It is also informative to examine the fMRI data more broadly. We performed a whole-brain analysis to test the same contrasts reported for the VOI analyses. For the “Distance × Boundary” 2-way interaction, the peak of maximal activation in the entire brain was found at x, y, z = 64, −20, 27 (Z = 3.59); that is, the same coordinates revealed in the main analyses above (area PFop). The same cluster (35 voxels, at a cluster-forming voxel-level threshold of p-unc. = 0.001) extended dorsally/posteriorly into the PFt region, encompassing also the peak located in the PFt (x, y, z = 64, −22, 29). No other part of the IPL was activated in the whole-brain analysis at p-unc. = 0.001. As for the 3-way interaction involving the group effect, again the whole-brain data showed that the reported effect in area PF (x, y, z = 64, −38, 9; Z = 3.86) was the most significant peak in the entire brain. At the voxel-level threshold of p-unc. = 0.001, no other part of the IPL was activated. Inspection of the whole-brain data confirmed the findings obtained in the main analyses that specifically targeted the rSMG subregions.

Discussion

We found that the level of bottom-up and top-down attention allocated to stimuli during encoding affected the impact of the very same stimuli, when used as distractors, during subsequent memory retrieval. First, the distractors extracted from boundaries reduced the retrieval time more than those coming from non-boundary locations, when the temporal distance between Im1/Im2 was long in the movie. In line with our previous proposal of contingent attention capture within memory representation, such behavioural advantage was linked with increased activation in the right SMG26 and here more specifically localised in the PFt and PFop subregions. Second, we showed that the level of activity in the middle rSMG (a ventral part of the PF subregion) was modulated according to whether an active segmentation task was performed during encoding. The latter indicates that retrieval related activity in this part of the PF was affected by a combination of bottom-up and top-down factors of the encoding experience. These results demonstrate that the anterior and middle regions of the rSMG play different functional roles in mediating the effect of task-irrelevant distractors during temporal order retrieval, reflecting dissociable contribution of bottom-up signals generated by the external input (boundary vs. non-boundary frames) and participant’s prior task-related experiences (segmentation vs. viewing). We discuss the dissociable involvements of the anterior and middle rSMG in light of the fractionation view of the ventral parietal cortex.
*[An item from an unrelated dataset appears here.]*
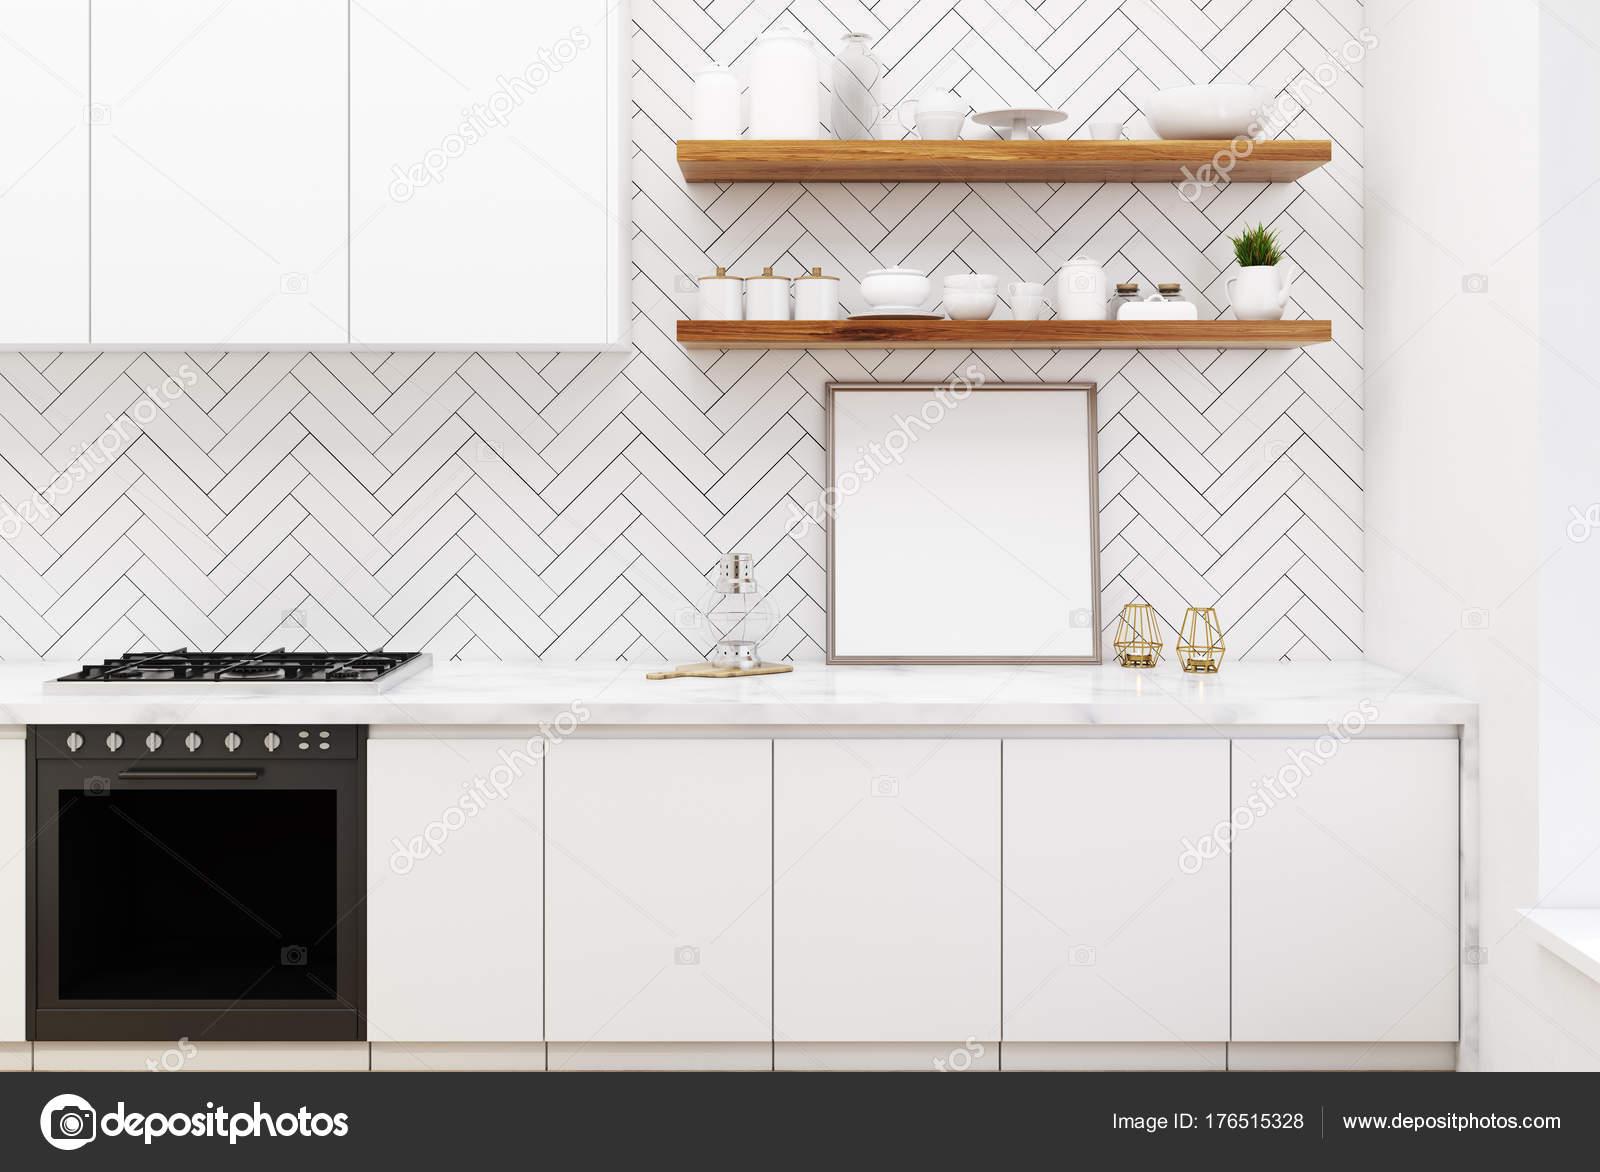 Cucina in legno bianca, sedie bianche, poster — Foto Stock ...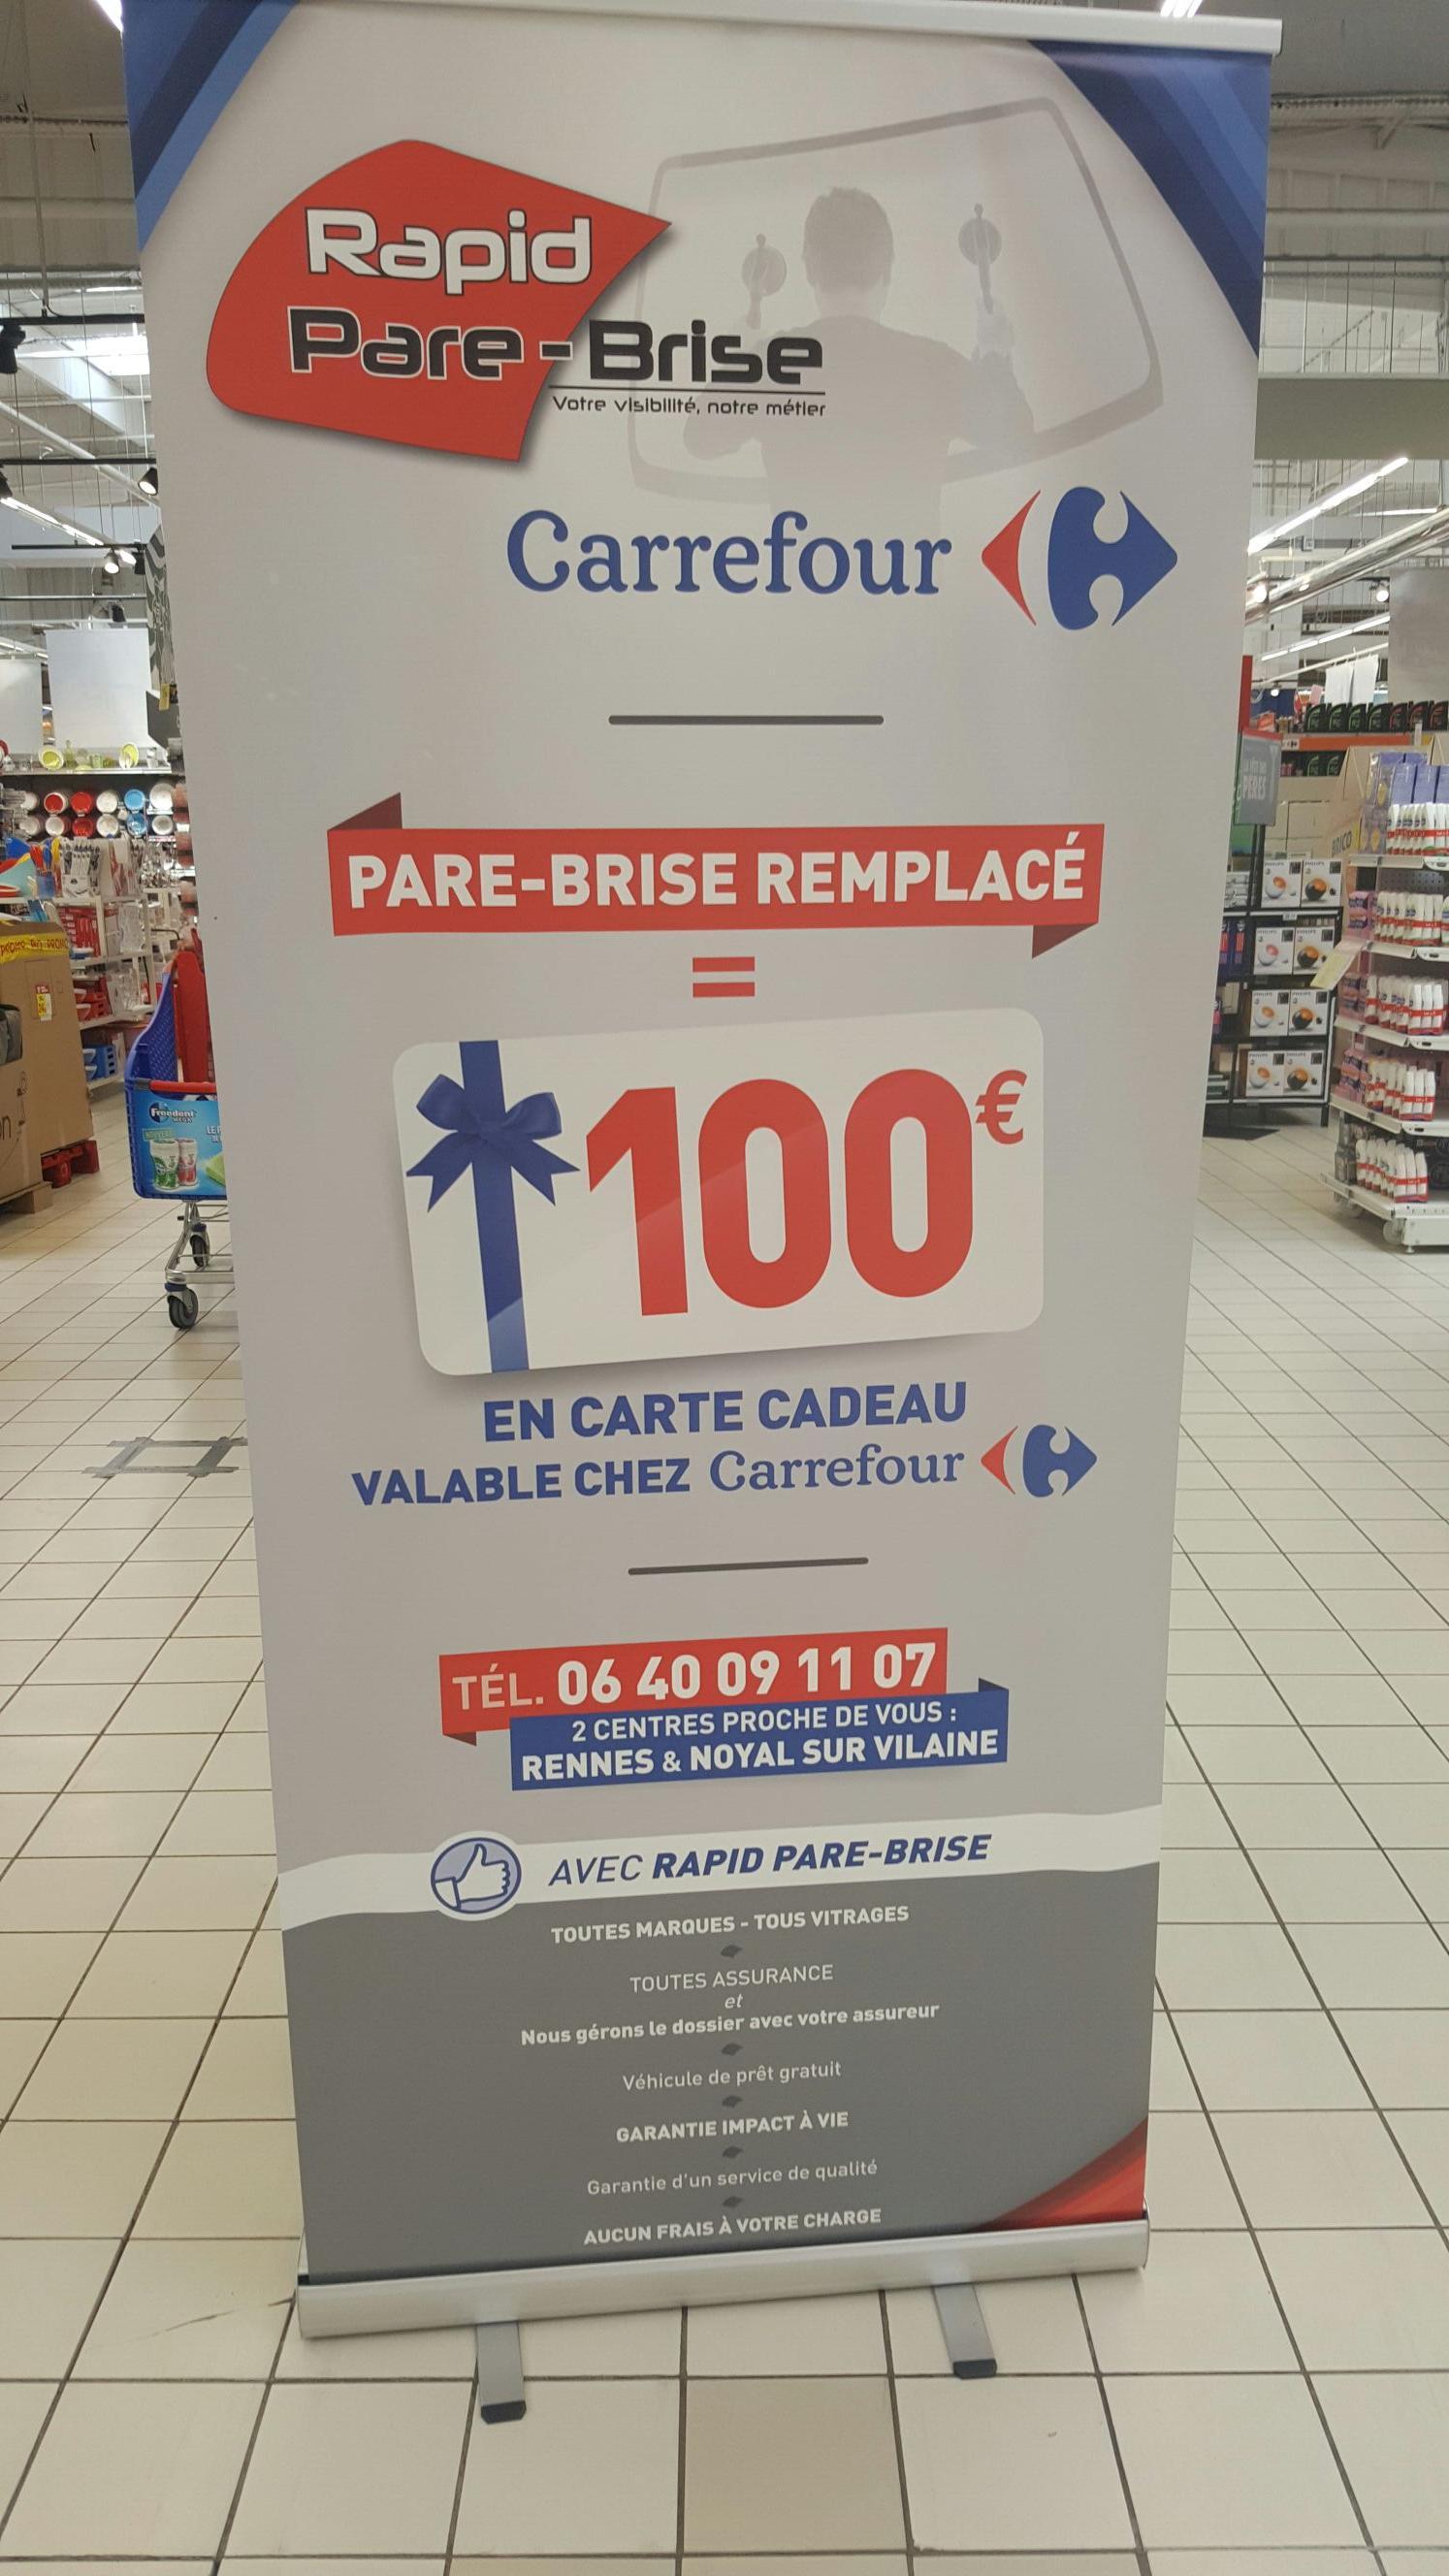 Pour tout pare brise remplacé = 100€ offerts en carte cadeau Carrefour

The mere presence of repeated pictures can initiate episodic retrieval without having the participants to try to remember the information intentionally, indicating that retrieval processes can be incidental and stimulus-driven43. As the attention-to-memory model posits a role of IPL in bottom-up attentional capture to a previously experienced stimulus25, one may suppose that the anterior SMG activity observed here was driven by the pure stimulus-driven attention capture and/or incidental retrieval by the preferentially processed DBORDER distractors36. Nonetheless, this is unlikely given that the DBORDER distractors by themselves did not activate any of the SMG subregions significantly (and without any behavioural effect either). Instead, the effects of the DBORDER distractors manifested as an interaction with the temporal distance separated by Im1/Im2 in the movie.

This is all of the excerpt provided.